I think in igb_tx_csum(), by checking skb->csum_not_inet would be enough
to validate that is a SCTP request:
-               if (((first->protocol == htons(ETH_P_IP)) &&
-                    (ip_hdr(skb)->protocol == IPPROTO_SCTP)) ||
-                   ((first->protocol == htons(ETH_P_IPV6)) &&
-                    igb_ipv6_csum_is_sctp(skb))) {
+               if (skb->csum_not_inet) {
                        type_tucmd = E1000_ADVTXD_TUCMD_L4T_SCTP;
                        break;
                }

Otherwise, we will need to parse the packet a little bit, as it does in
hns3_get_l4_protocol().

>

> > v1->v2:

> >   - improve the changelog.

> >   - fix "rev xmas tree" in varibles declaration.

> >

> > Signed-off-by: Xin Long <lucien.xin@gmail.com>

> > ---

> >  net/ipv4/gre_offload.c | 15 ++++-----------

> >  1 file changed, 4 insertions(+), 11 deletions(-)

> >

> > diff --git a/net/ipv4/gre_offload.c b/net/ipv4/gre_offload.c

> > index e0a2465..a681306 100644

> > --- a/net/ipv4/gre_offload.c

> > +++ b/net/ipv4/gre_offload.c

> > @@ -15,10 +15,10 @@ static struct sk_buff *gre_gso_segment(struct sk_buff *skb,

> >                                        netdev_features_t features)

> >  {

> >         int tnl_hlen = skb_inner_mac_header(skb) - skb_transport_header(skb);

> > -       bool need_csum, need_recompute_csum, gso_partial;

> >         struct sk_buff *segs = ERR_PTR(-EINVAL);

> >         u16 mac_offset = skb->mac_header;

> >         __be16 protocol = skb->protocol;

> > +       bool need_csum, gso_partial;

> >         u16 mac_len = skb->mac_len;

> >         int gre_offset, outer_hlen;

> >

> > @@ -41,10 +41,11 @@ static struct sk_buff *gre_gso_segment(struct sk_buff *skb,

> >         skb->protocol = skb->inner_protocol;

> >

> >         need_csum = !!(skb_shinfo(skb)->gso_type & SKB_GSO_GRE_CSUM);

> > -       need_recompute_csum = skb->csum_not_inet;

> >         skb->encap_hdr_csum = need_csum;

> >

> >         features &= skb->dev->hw_enc_features;

> > +       /* CRC checksum can't be handled by HW when SCTP is the inner proto. */

> > +       features &= ~NETIF_F_SCTP_CRC;

> >

> >         /* segment inner packet. */

> >         segs = skb_mac_gso_segment(skb, features);

>

> Do we have NICs that are advertising NETIF_S_SCTP_CRC as part of their

> hw_enc_features and then not supporting it? Based on your comment

Yes, igb/igbvf/igc/ixgbe/ixgbevf, they have a similar code of SCTP
proto validation.

> above it seems like you are masking this out because hardware is

> advertising features it doesn't actually support. I'm just wondering

> if that is the case or if this is something where this should be

> cleared if need_csum is set since we only support one level of

> checksum offload.

Since only these drivers only do SCTP proto validation, and "only
one level checksum offload" issue only exists when inner packet
is SCTP packet, clearing NETIF_F_SCTP_CRC should be enough.

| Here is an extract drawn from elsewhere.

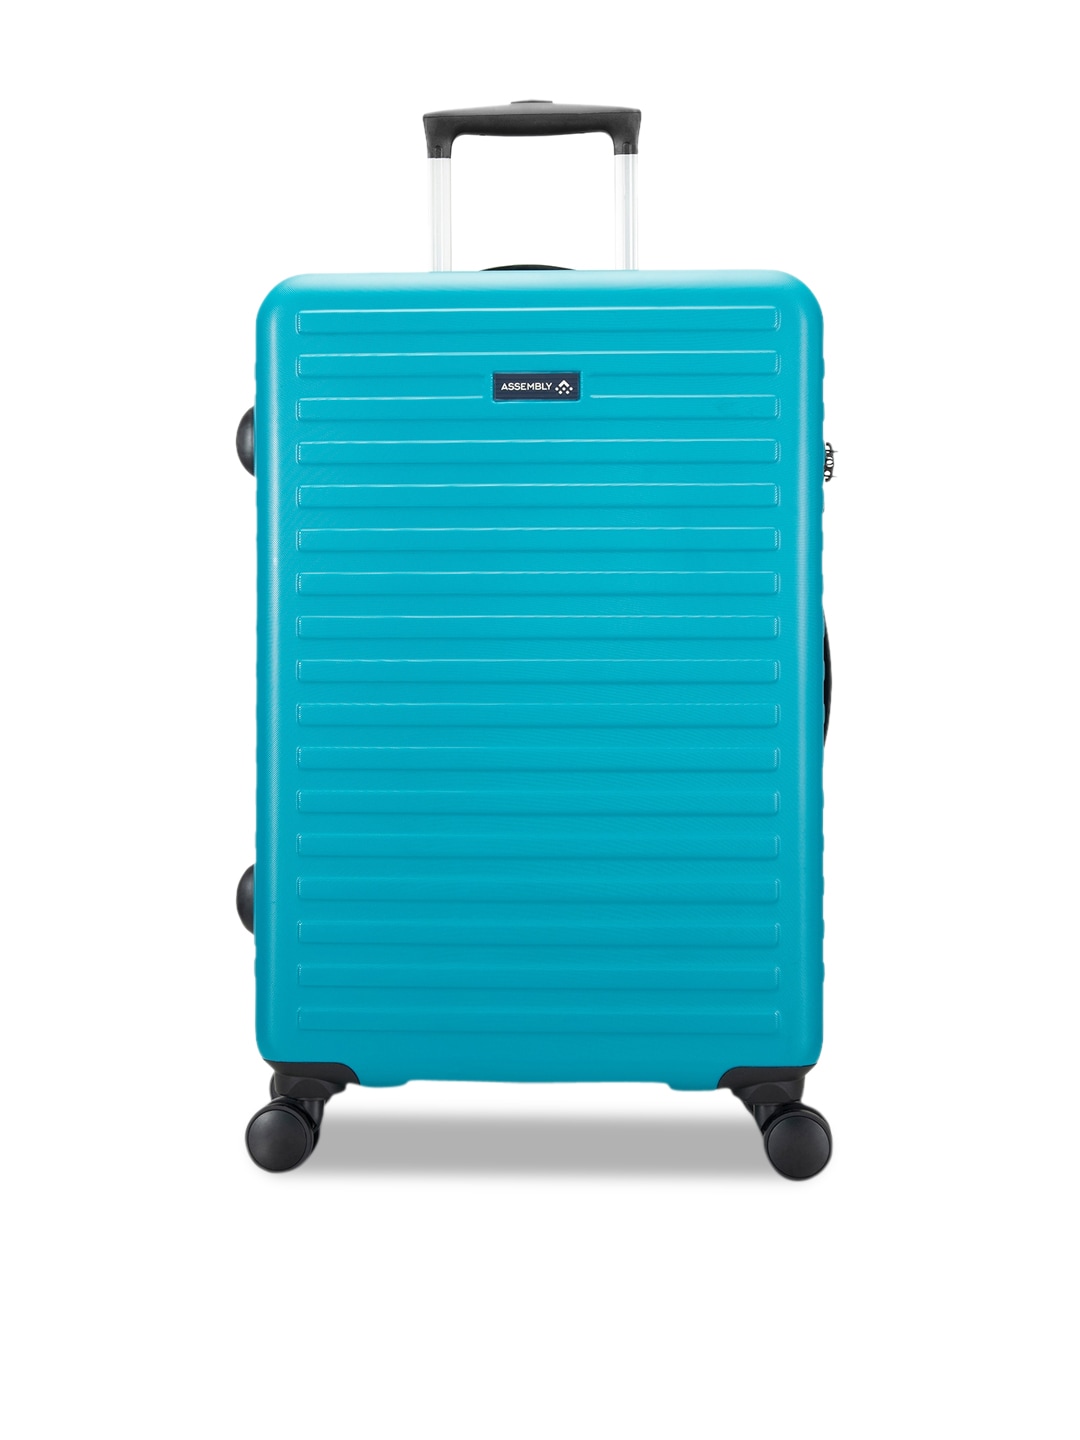 Assembly Teal Blue Textured Hard-Sided Trolley Suitcase Price in India

But seems to fix the drivers will be better, as hw_enc_features should
tell the correct features for inner proto. wdyt?

(Just note udp tunneling SCTP doesn't have this issue, as the outer
 udp checksum is always required by RFC)

>

> > @@ -99,15 +100,7 @@ static struct sk_buff *gre_gso_segment(struct sk_buff *skb,

> >                 }

> >

> >                 *(pcsum + 1) = 0;

> > -               if (need_recompute_csum && !skb_is_gso(skb)) {

> > -                       __wsum csum;

> > -

> > -                       csum = skb_checksum(skb, gre_offset,

> > -                                           skb->len - gre_offset, 0);

> > -                       *pcsum = csum_fold(csum);

> > -               } else {

> > -                       *pcsum = gso_make_checksum(skb, 0);

> > -               }

> > +               *pcsum = gso_make_checksum(skb, 0);

> >         } while ((skb = skb->next));

> >  out:

> >         return segs;

> > --

> > 2.1.0

> >
Alexander Duyck Jan. 13, 2021, 2:11 a.m. UTC | #3
On Mon, Jan 11, 2021 at 9:14 PM Xin Long <lucien.xin@gmail.com> wrote:
>

> On Tue, Jan 12, 2021 at 12:48 AM Alexander Duyck

> <alexander.duyck@gmail.com> wrote:

> >

> > On Mon, Jan 11, 2021 at 5:22 AM Xin Long <lucien.xin@gmail.com> wrote:

> > >

> > > This patch is to let it always do CRC checksum in sctp_gso_segment()

> > > by removing CRC flag from the dev features in gre_gso_segment() for

> > > SCTP over GRE, just as it does in Commit 527beb8ef9c0 ("udp: support

> > > sctp over udp in skb_udp_tunnel_segment") for SCTP over UDP.

> > >

> > > It could set csum/csum_start in GSO CB properly in sctp_gso_segment()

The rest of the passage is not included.